Pepper pads into the kitchen and sniffs at his food bowl without much interest. Then he wanders off into the hall where he navigates between the removal firm’s boxes, still not unpacked after months and months. Anna-Karin feels a pang of bad conscience. It was selfish of her to bring him here instead of giving him away to someone with a house and a garden. He should be free to run in and out as he fancies, and has been used to. But she couldn’t have survived without him, not now when she has to live alone with Mum.
‘Well, now. Monika has had to shut up shop, too,’ Mum says.
Her eyes shine as they follow the lines of print under a photo of a grim-looking Monika standing in front of her closed café. Nothing excites Mum more than other people’s bad-luck stories. Probably her greatest pleasure, up there with smoking. Anna-Karin isn’t sure which of her mum’s
addictions is the most harmful. It’s no comfort to know that you can’t die from passive
Schadenfreude
.
Anna-Karin gets up and noisily dumps her plate in the sink.

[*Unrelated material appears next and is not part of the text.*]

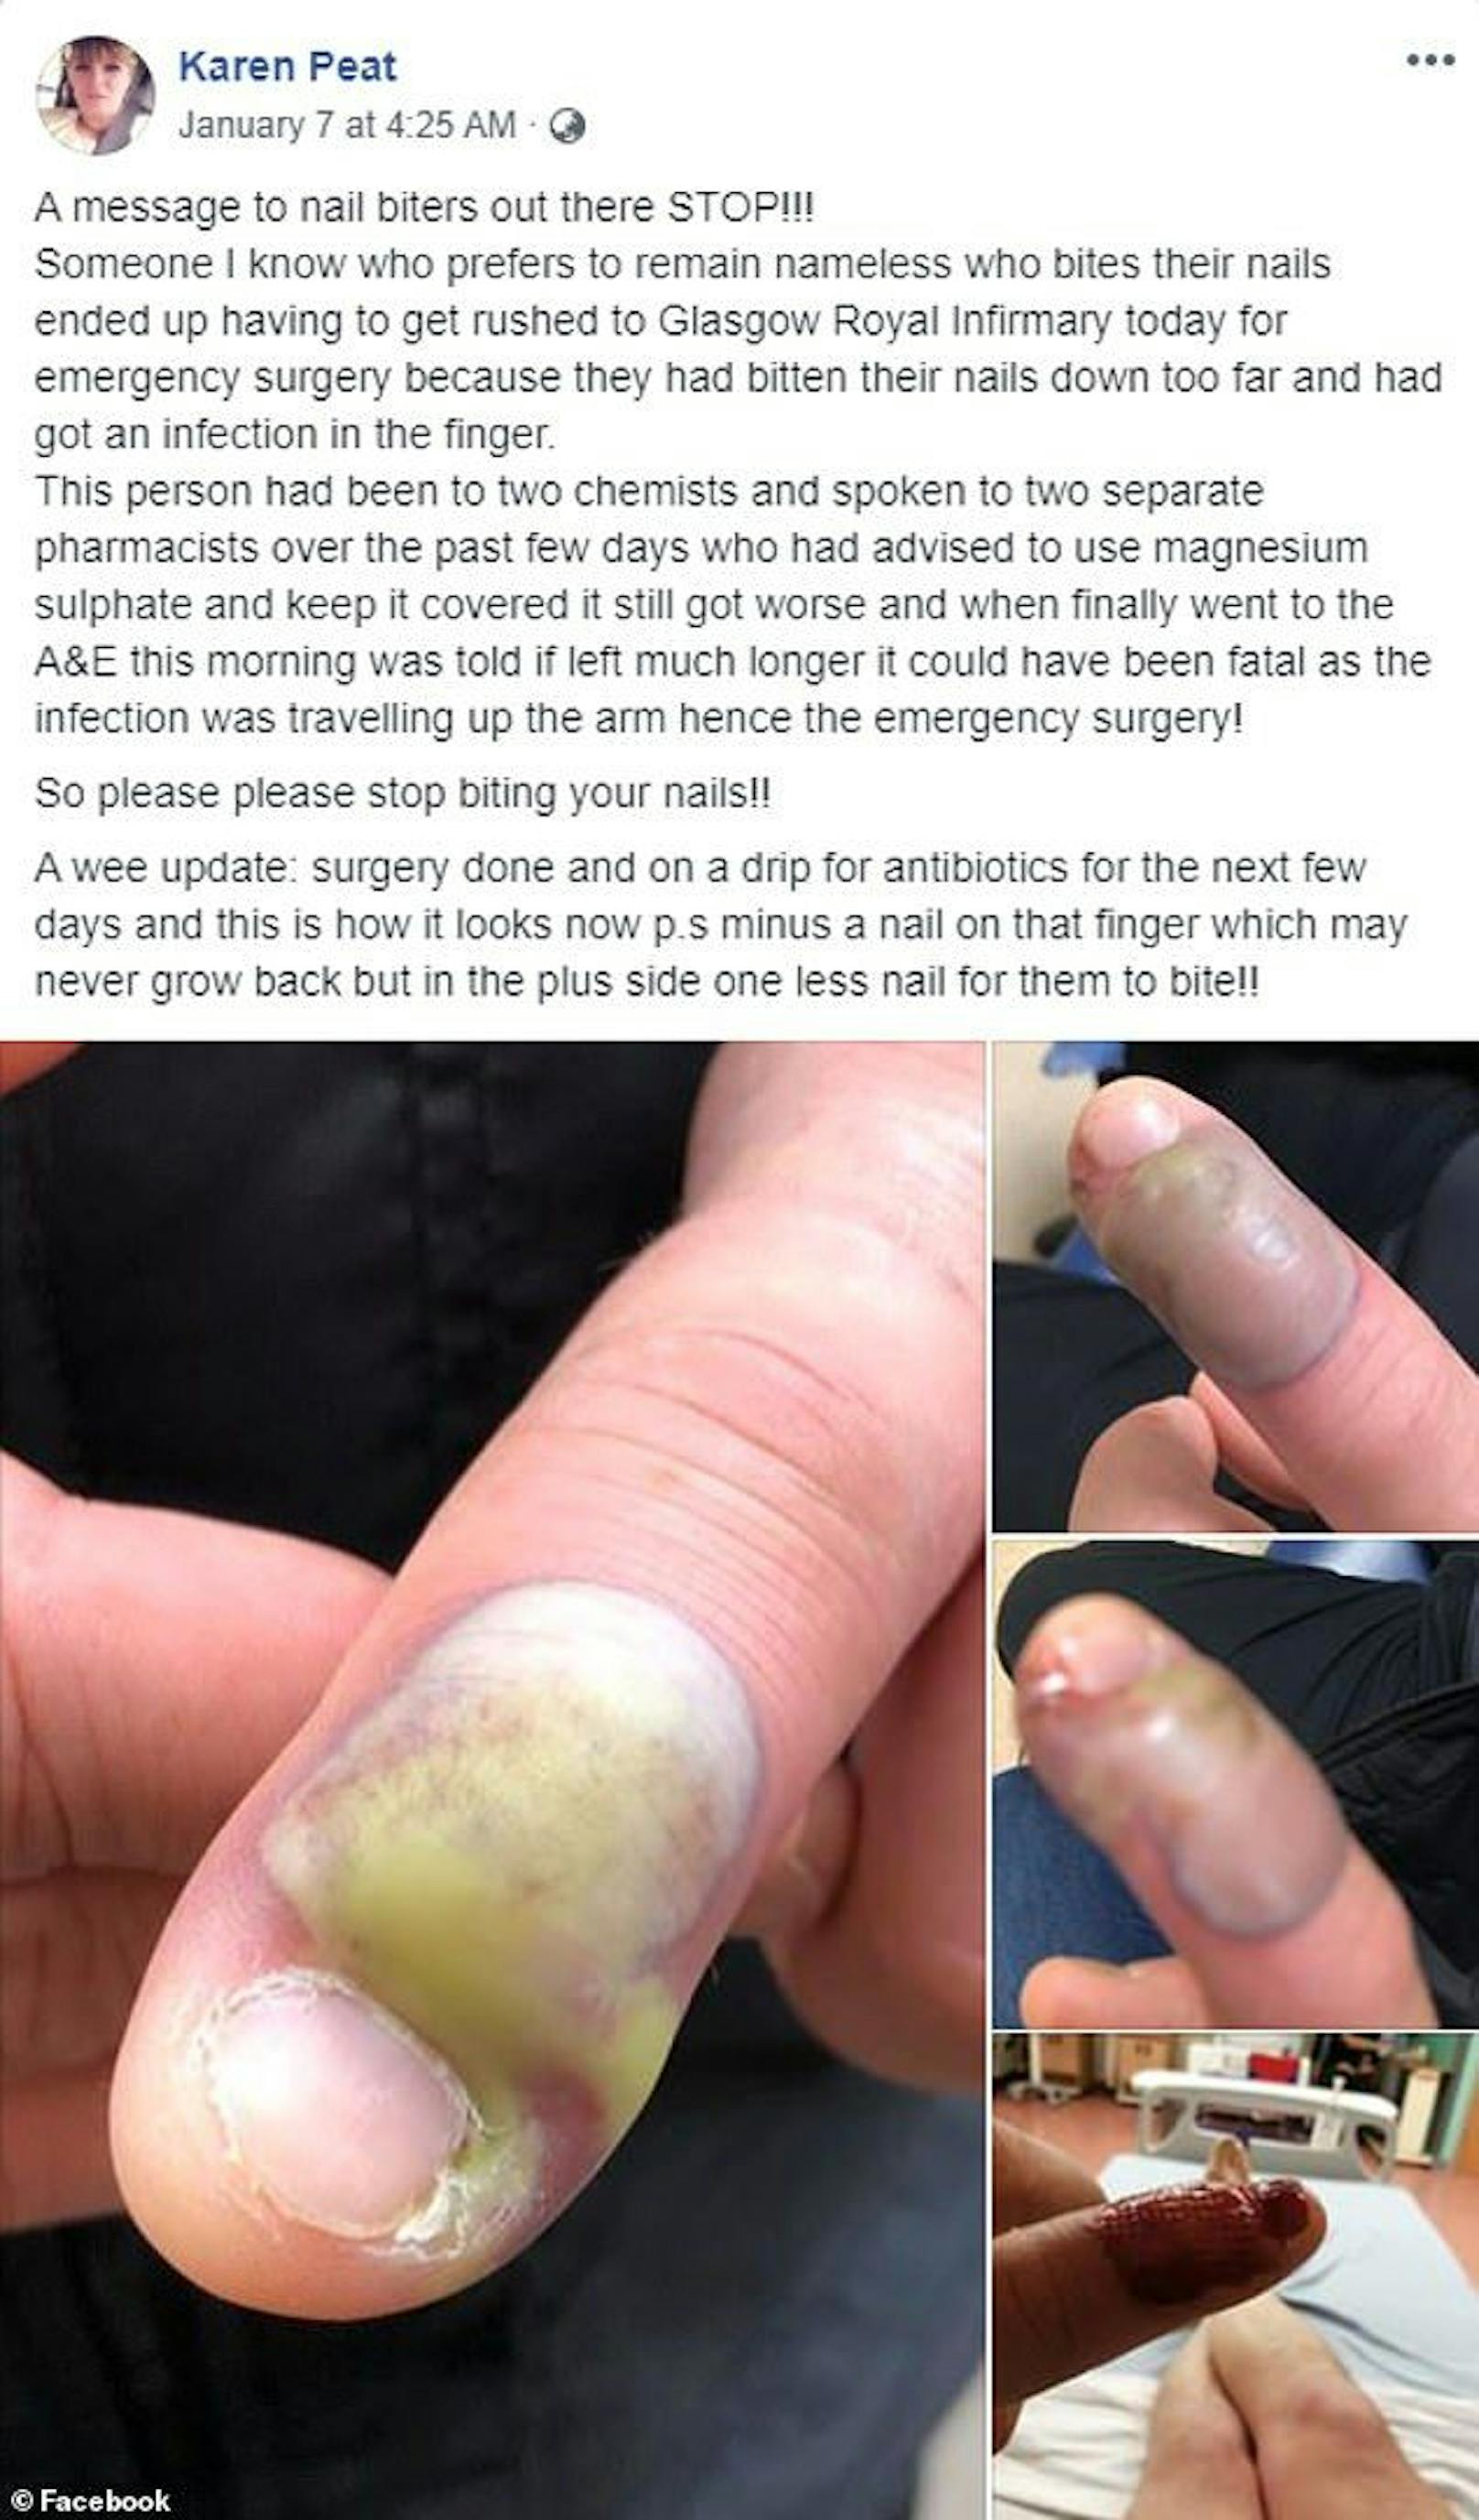 "Jemand, den ich kenne, der es vorzieht, namenlos zu bleiben, der sich in die Nägel beißt, musste heute zur Notoperation in die Glasgow Royal Infirmary eingeliefert werden, weil er sich zu weit in die Nägel gebissen hatte und eine Infektion im Finger hatte", schrieb Peat in ihrem Posting.

‘Are you just leaving it there?’ Mum asks.
‘I’ll do it later,’ Anna-Karin says and walks out into the hall.
‘If you leave it there you might as well wash it up.’
Mum makes it sound as if
she’s
the one who usually does the dishes.
‘No time,’ Anna-Karin says before going to the bathroom to brush her teeth.

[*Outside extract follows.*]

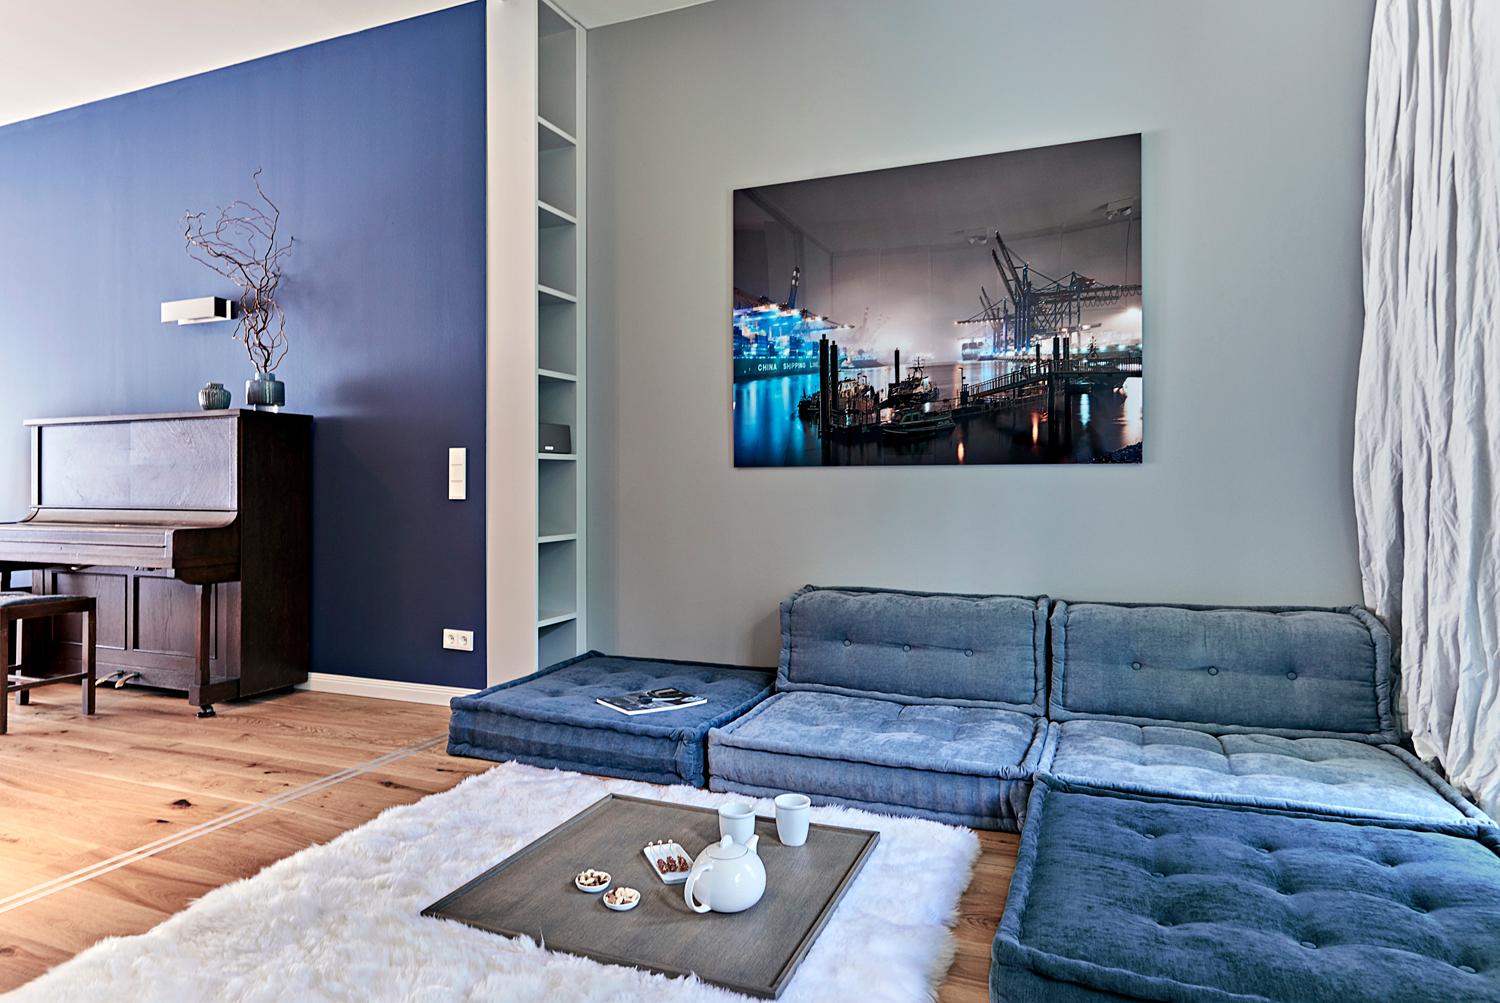 Lounge Bereich in Blautönen #tablett #loungebereich ©Michael Pfeiffer Fotografie

They live off the money left from the farm sale and the compensation eventually paid by the insurers after the fire in the barn. Anna-Karin doesn’t know how long this stash will last. Mum often speaks about getting a job. But when Anna-Karin comes back from school, her mother has often not even managed to drag herself out to shop for the basics.

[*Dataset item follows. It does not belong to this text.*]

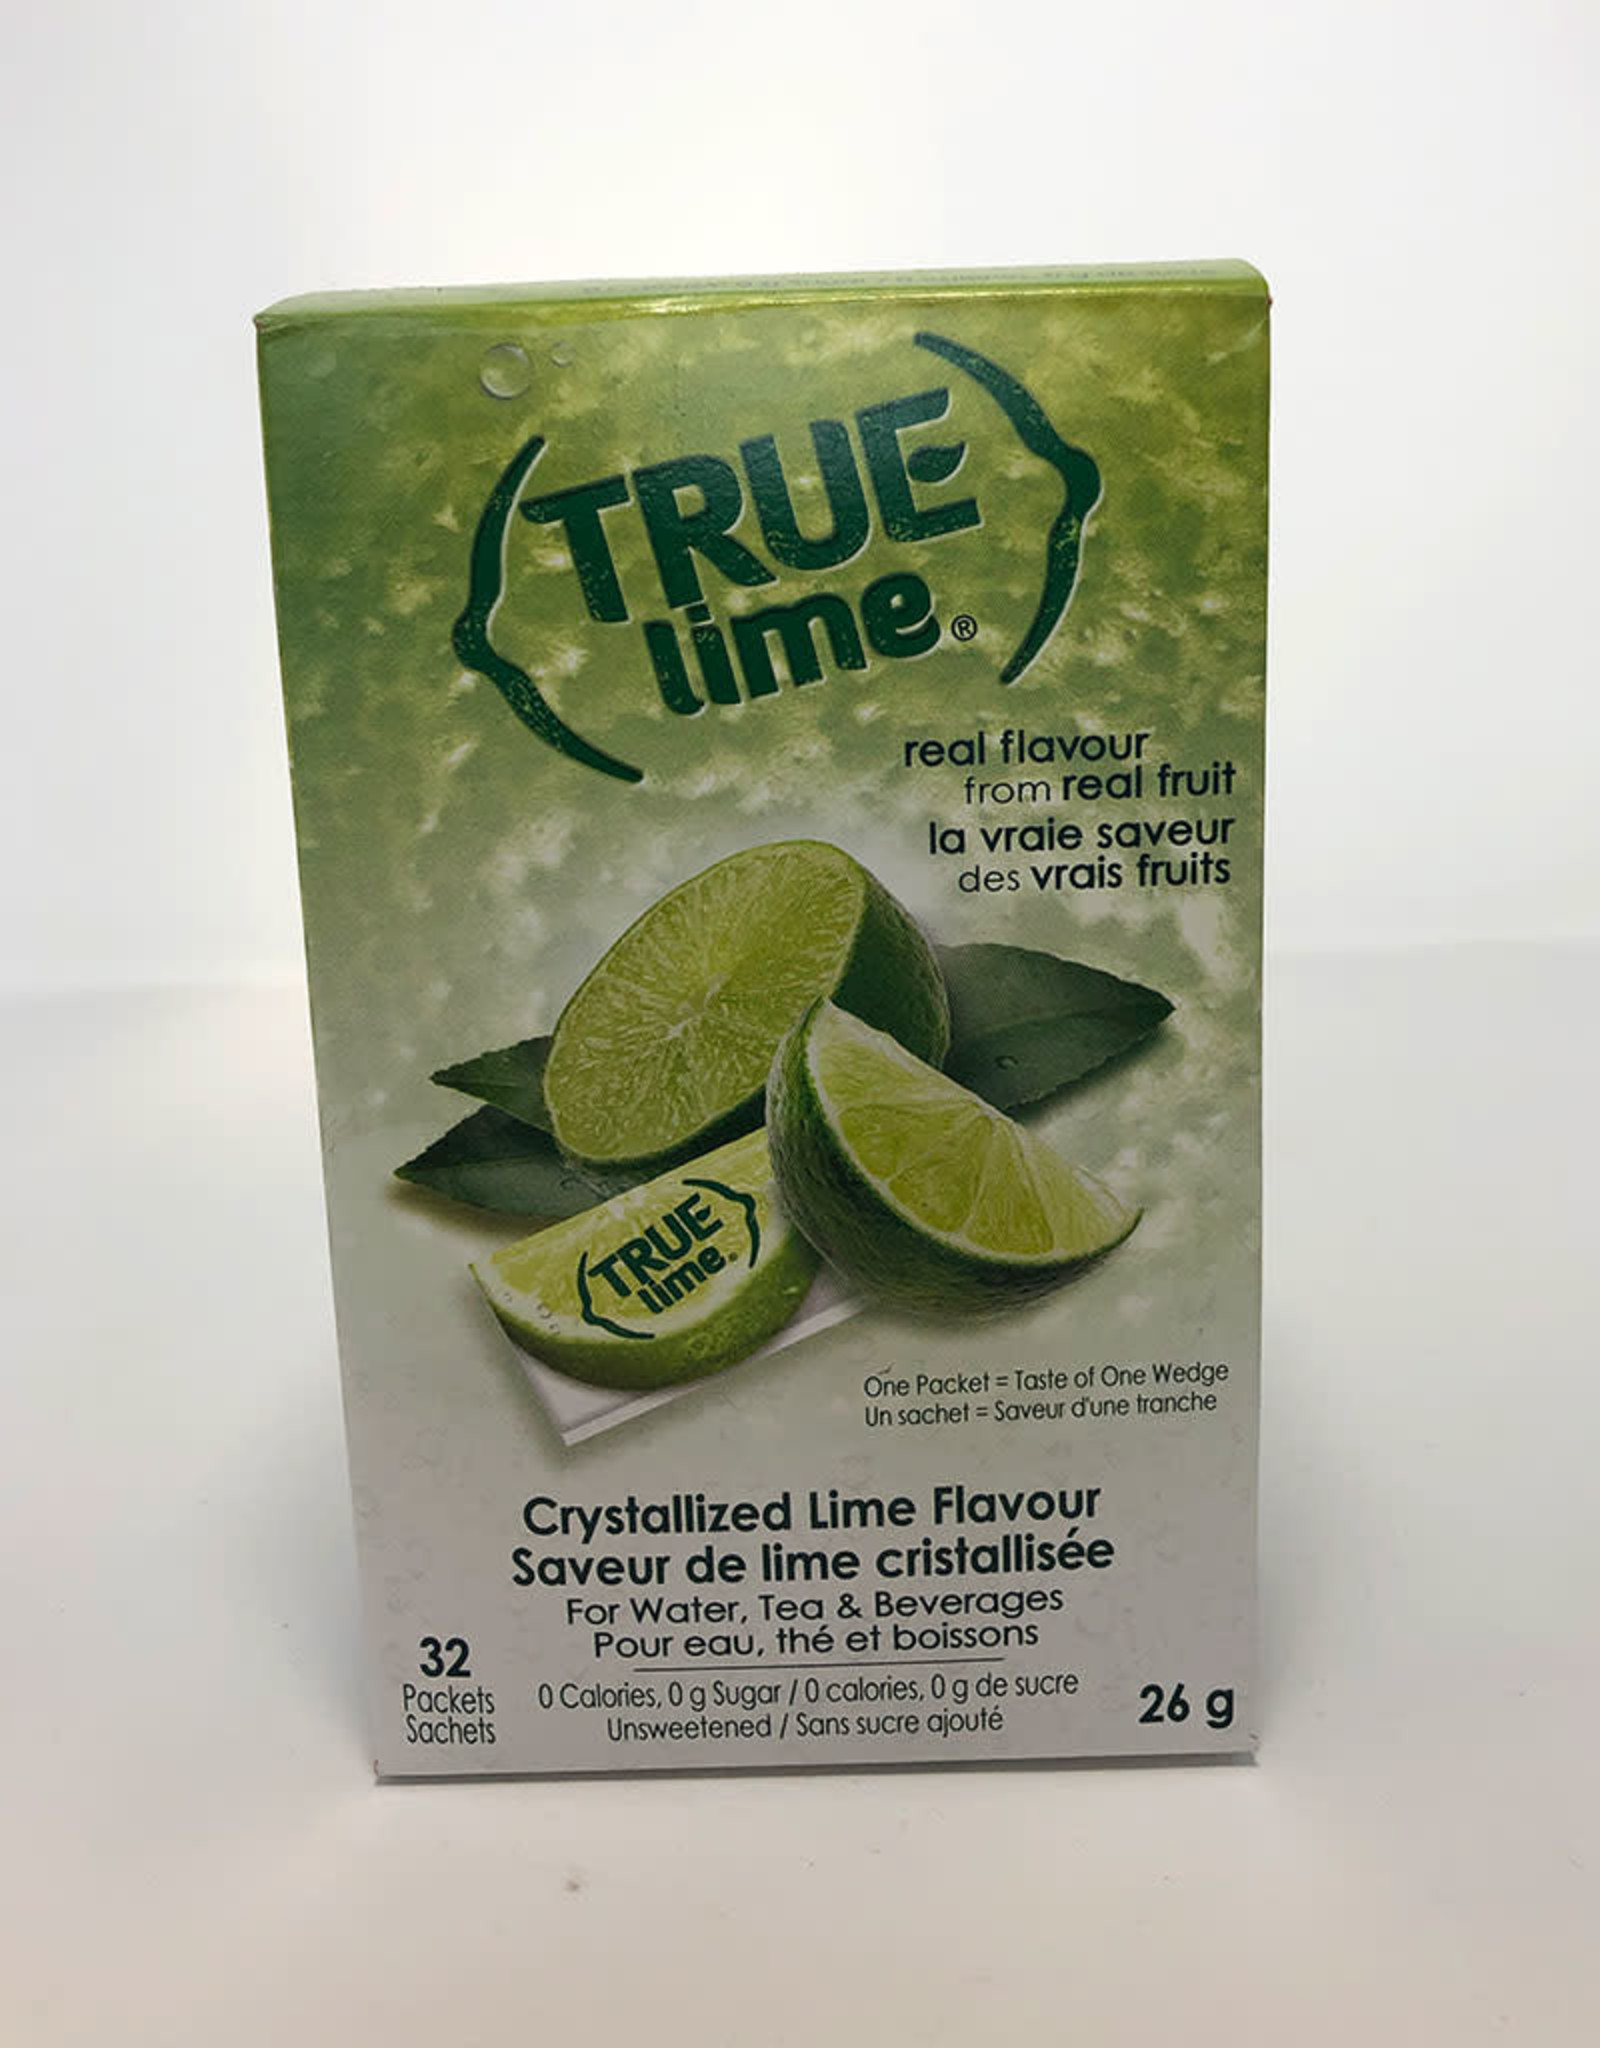 True Citrus True Citrus - True Lime (32pk)

Anna-Karin would rather not admit to herself that she is disappointed. It would be the same as admitting that she had hoped for things to get better, that moving into town would inject new life into Mum. The fact is that she at least had work to do on the farm. Now, she’s more isolated than ever before and Anna-Karin hates seeing her mother sinking deeper and deeper into paralysing depression.
But she gets into black panics herself when she thinks about the future and what will happen when the money runs out.
The air shivers above the hot tarmac. In the distance, the school looks like a mirage.
Minoo walks past the petrol station where she once bought an evening paper running a feature on the ‘suicide pact’ in Engelsfors. So unbelievably much has happened
since she read the interview with Gustaf. Back then, she felt that she could never forgive him. A friendship between them was even less likely.
Her thoughts are interrupted by the sound of a car horn. Three short blasts. A dark blue Mercedes pulls up on the verge of the road. The woman driver leans across the passenger seat as the window slides down soundlessly.
‘Hello, Minoo. Have you had a good summer?’
It is Adriana Lopez, the principal. They exchange small talk, but there is a slightly haunted look in Lopez’s eyes.
‘We will continue with the lessons in the fairground on Saturday,’ she says. ‘Do tell the others. We’ll meet there at the usual time.’
‘Okay. Of course,’ Minoo replies.
Adriana lightly pats her black page-styled mane, though not one hair is out of place.
‘In the near future, there will be certain … changes,’ she says, avoiding Minoo’s eyes.
‘What changes?’
The principal seems to hesitate.
‘Wait and see. Just until Saturday. Now I’ve got to move on. How would it look if the principal was late on the first day of school?’